DILG-CAR OPINION NO. 02-01


Series of 2002.

DISCIPLINARY ACTIONS AGAINST LOCAL ELECTIVE OFFIALS/ PREVENTIVE SUSPENSION -ANTECEDENT FACTS AS REPRESENTED IN THE LETTER-QUERYA verified complaint for Grave Abuse of Authority was filed with the Sangguniang Bayan (SB) of Alfonso Lista, Ifugao against the respondent barangay officials. However instead of submitting a verified answer as required by the SB, the respondents, thru counsel, moved for the dismissal of the case invoking that the complaint was not referred to the barangay lupon as prescribed under RA 7160 or the Local Government Code of 1991 and, that the complaint is criminal in nature and therefore not within the jurisdiction of the SB but of the regular courts.

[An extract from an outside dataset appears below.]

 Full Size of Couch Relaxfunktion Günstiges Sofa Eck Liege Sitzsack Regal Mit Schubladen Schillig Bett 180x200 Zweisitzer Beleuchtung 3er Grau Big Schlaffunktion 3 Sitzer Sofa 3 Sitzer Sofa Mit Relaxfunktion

The preventive suspension of the respondents for a period of sixty (60) days is likewise being questioned by their lawyers. Hence, the request for legal opinion.

-QUERIES1. Whether or not the case filed with the Sangguniang Bayan of Alfonso Lista, Ifugao should be dismissed on such grounds as invoked by the respondent barangay officials? 2. Whether or not the preventive suspension for 60 days of the respondents is valid?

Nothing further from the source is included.